UMASH is a string hash function with throughput (22 GB/s on a 2.5 GHz Xeon 8175M) and latency (9-22 ns for input sizes up to 64 bytes on the same machine) comparable to that of performance-optimised hashes like MurmurHash3, XXH3, or farmhash. Its 64-bit output is almost universal, and it, as well as both its 32-bit halves, passes both Reini Urban's fork of SMHasher and Yves Orton's extended version (after expanding each seed to a 320-byte key for the latter).
Unlike most other non-cryptographic hash functions
(CLHash is a rare exception) which
do not prevent seed-independent collisions
and thus usually suffer from such weaknesses,
UMASH provably avoids parameter-independent collisions. For any two
inputs of l
bytes or fewer, the probability that a randomly
parameterised UMASH assigns them the same 64 bit hash value is less
than ceil(l / 2048) 2**-56
. UMASH also offers a fingerprinting mode
that simply computes two independent hashes at the same time. The
resulting 128-bit fingerprint
collides pairs of l
-or-fewer-byte inputs with probability less than
ceil(l / 2048)**2 * 2**-112
; that's less than 2**-70
(1e-21
) for
up to 7.5 GB of data.
See umash_reference.py
(pre-rendered in umash.pdf
) for details and
rationale about the design, and a proof sketch for the collision bound.
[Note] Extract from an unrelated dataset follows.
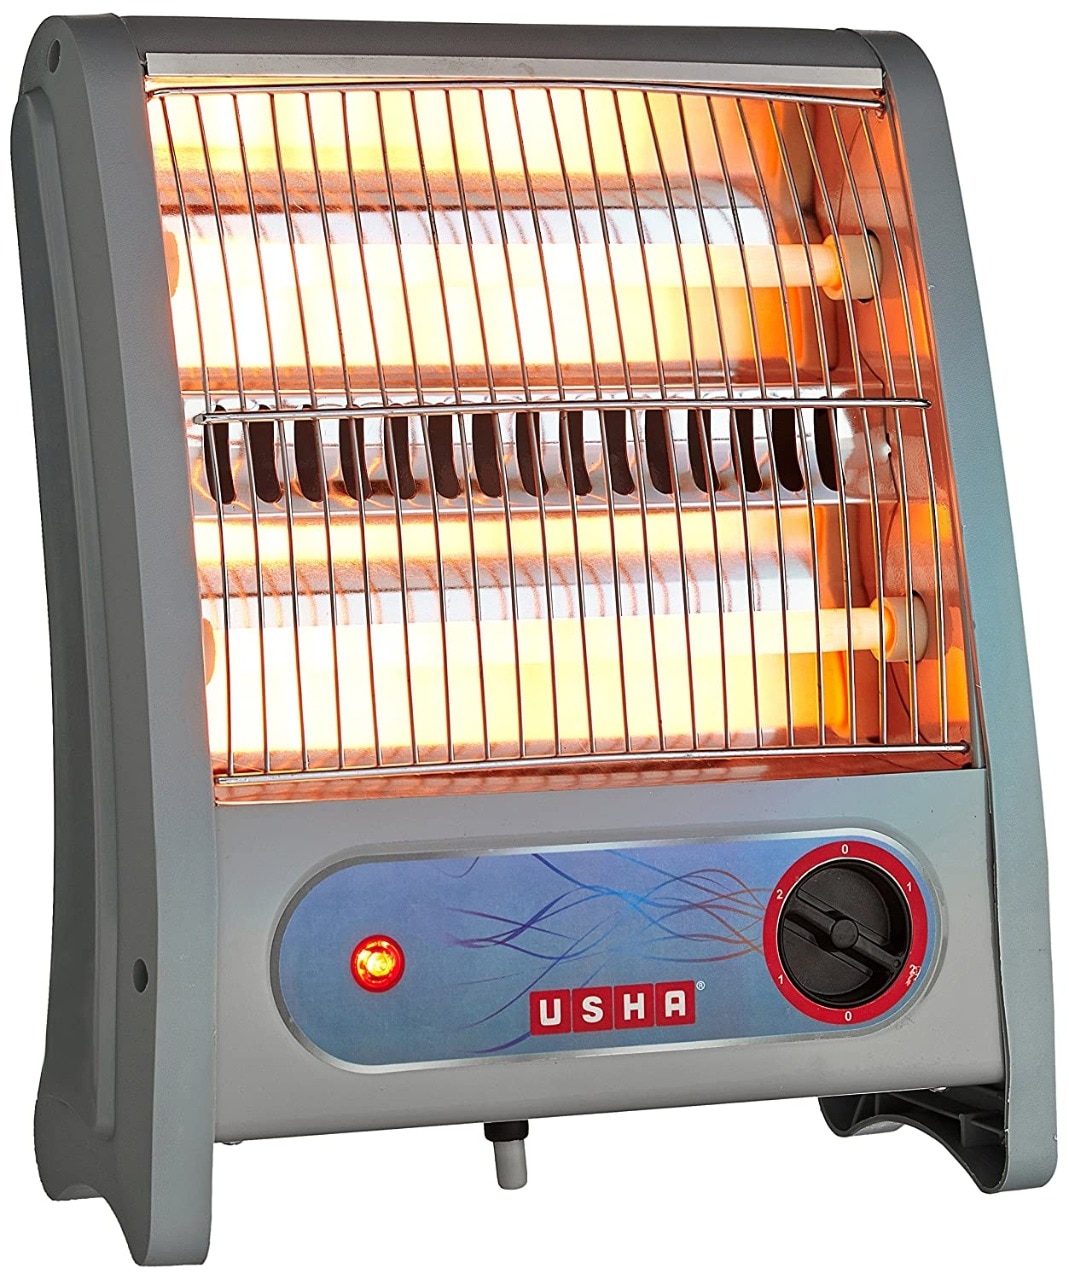 Amazon Sale: Know What Are Infra Halogen Room Heaters?  Best Selling Infra Halogen Room Heater to Buy Cheap from Amazon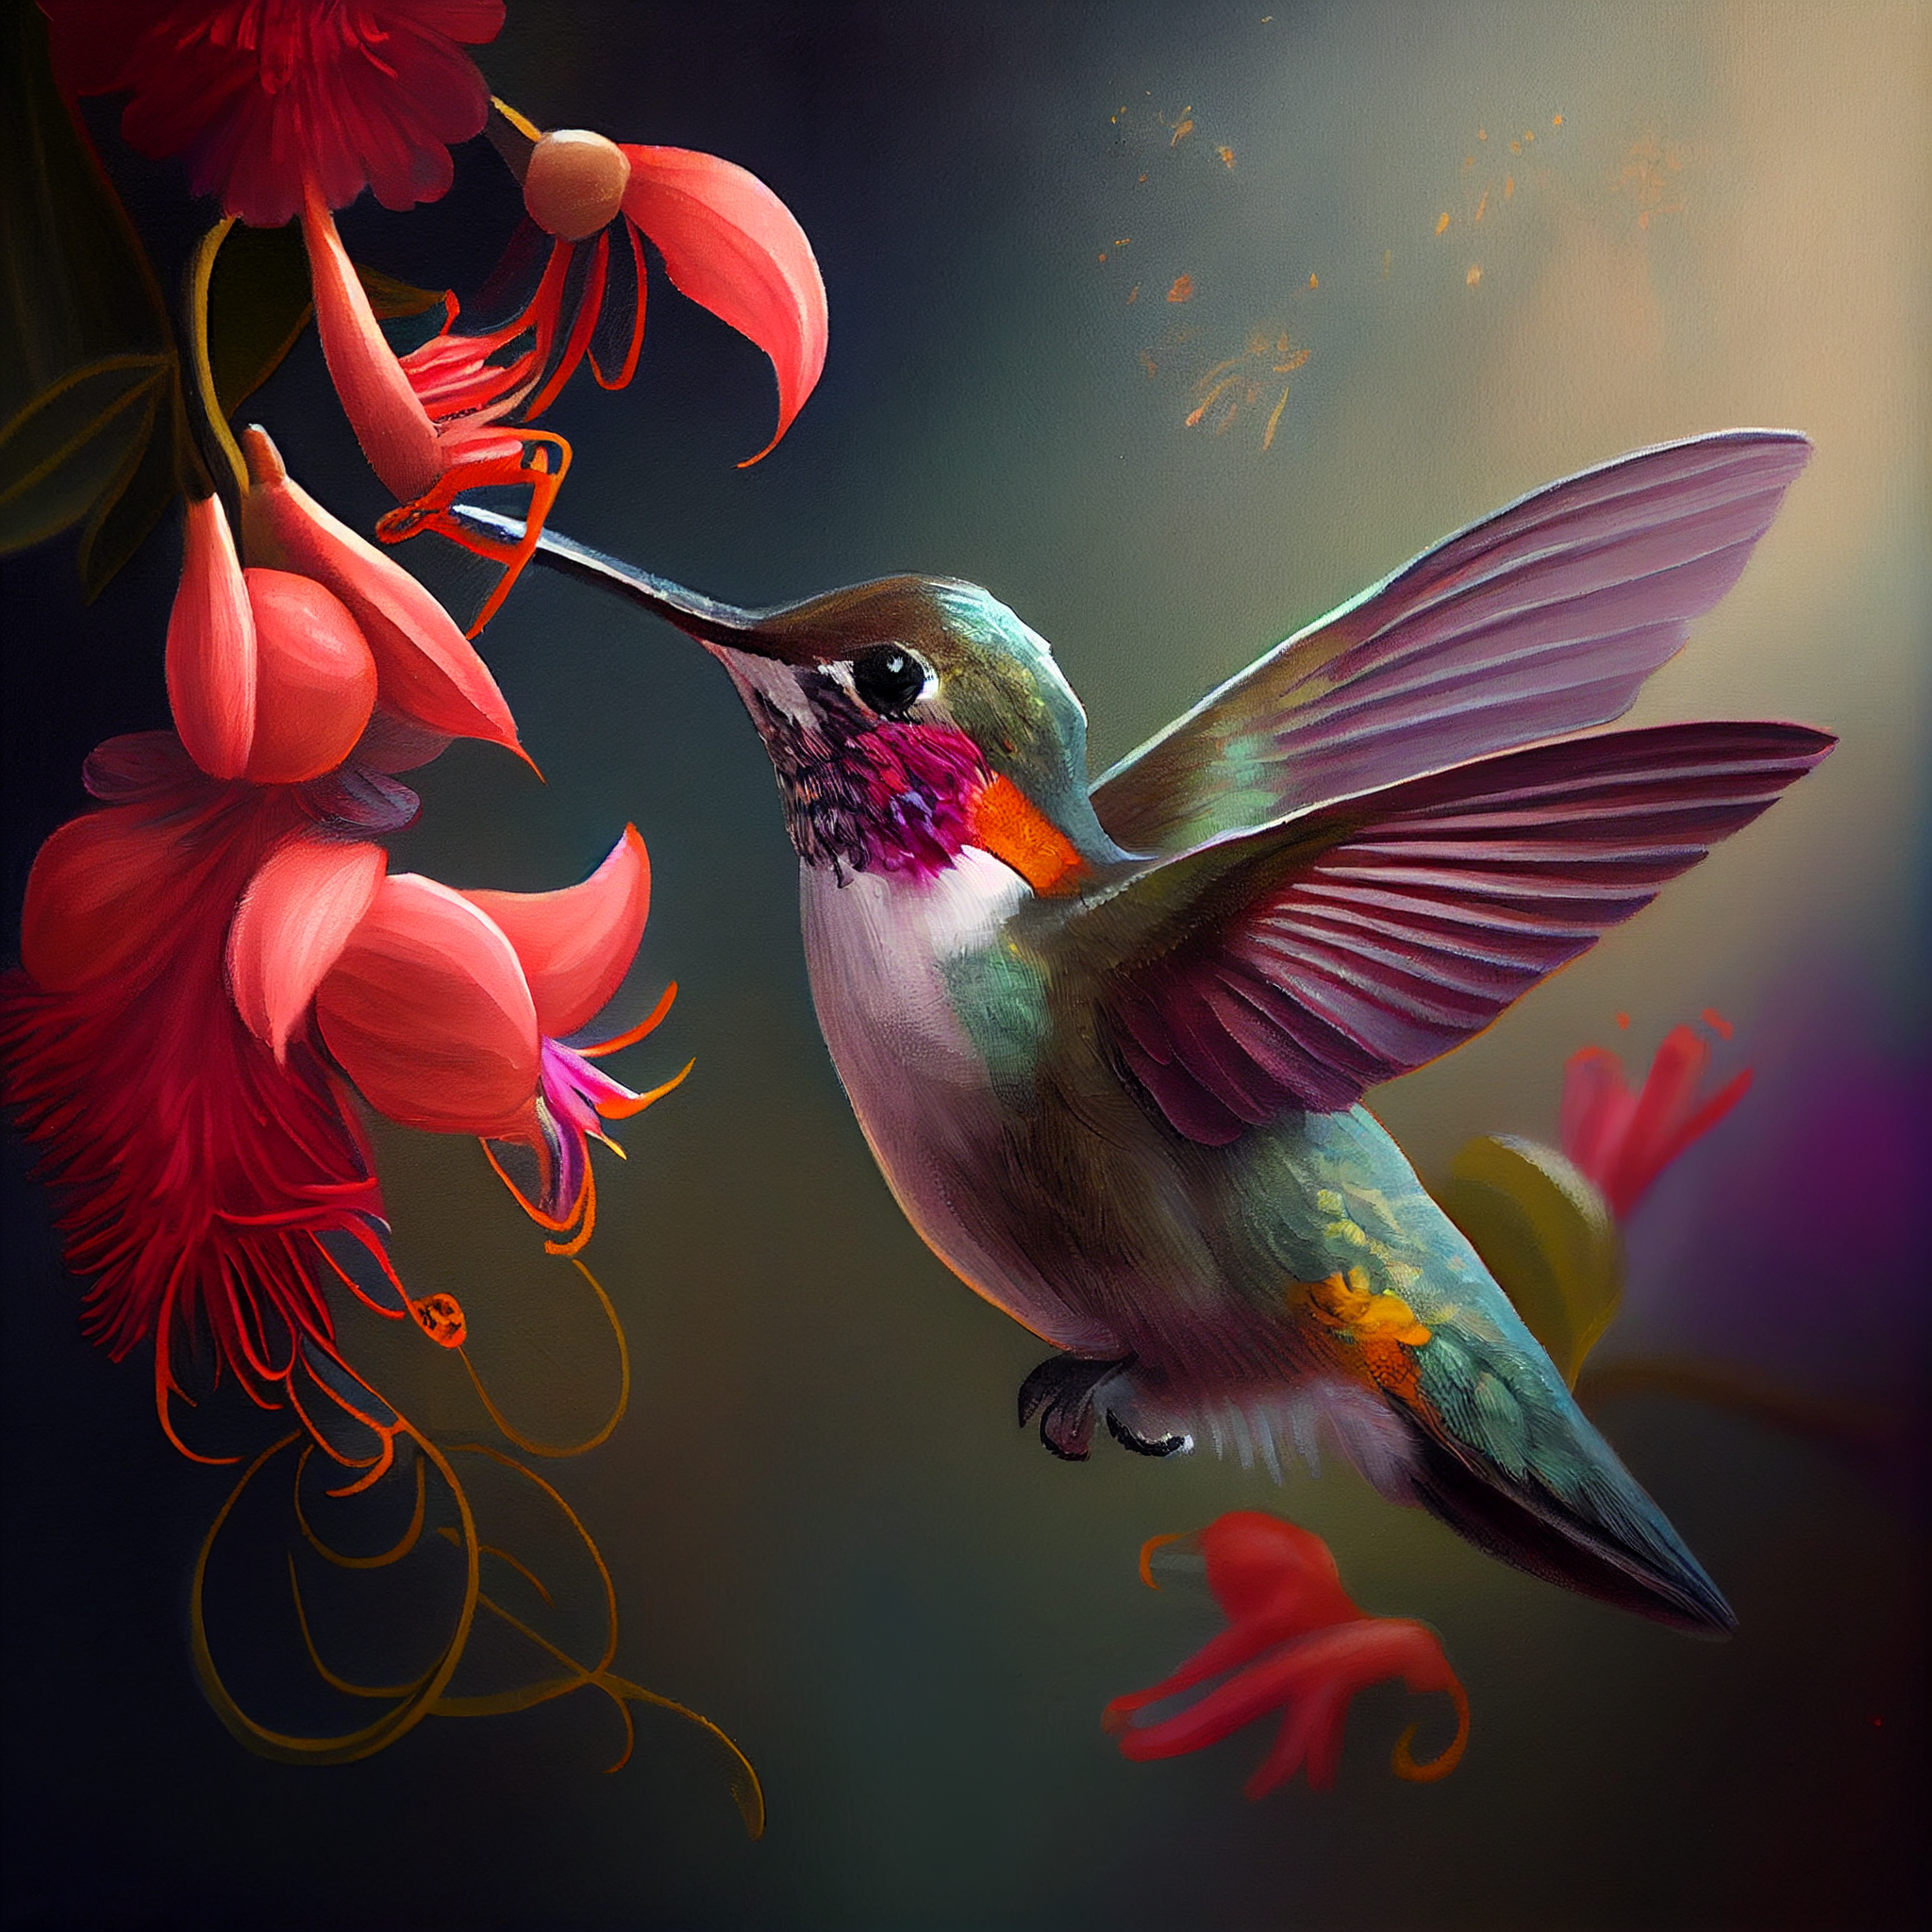 Graceful Wonder: A Realistic Art Print of a Hummingbird Nurturing Life from a Blossoming

The blog post announcing UMASH
includes a higher level overview and may also provide useful context.
If you're not into details, you can also just copy umash.c
and
umash.h
in your project: they're distributed under the MIT license.
The current implementation only build with gcc-compatible compilers
that support the integer overflow builtins
introduced by GCC 5 (April 2015) and targets x86-64 machines with the
CLMUL extension
(available since 2011 on Intel and AMD). That's simply because we
only use UMASH on such platforms at Backtrace.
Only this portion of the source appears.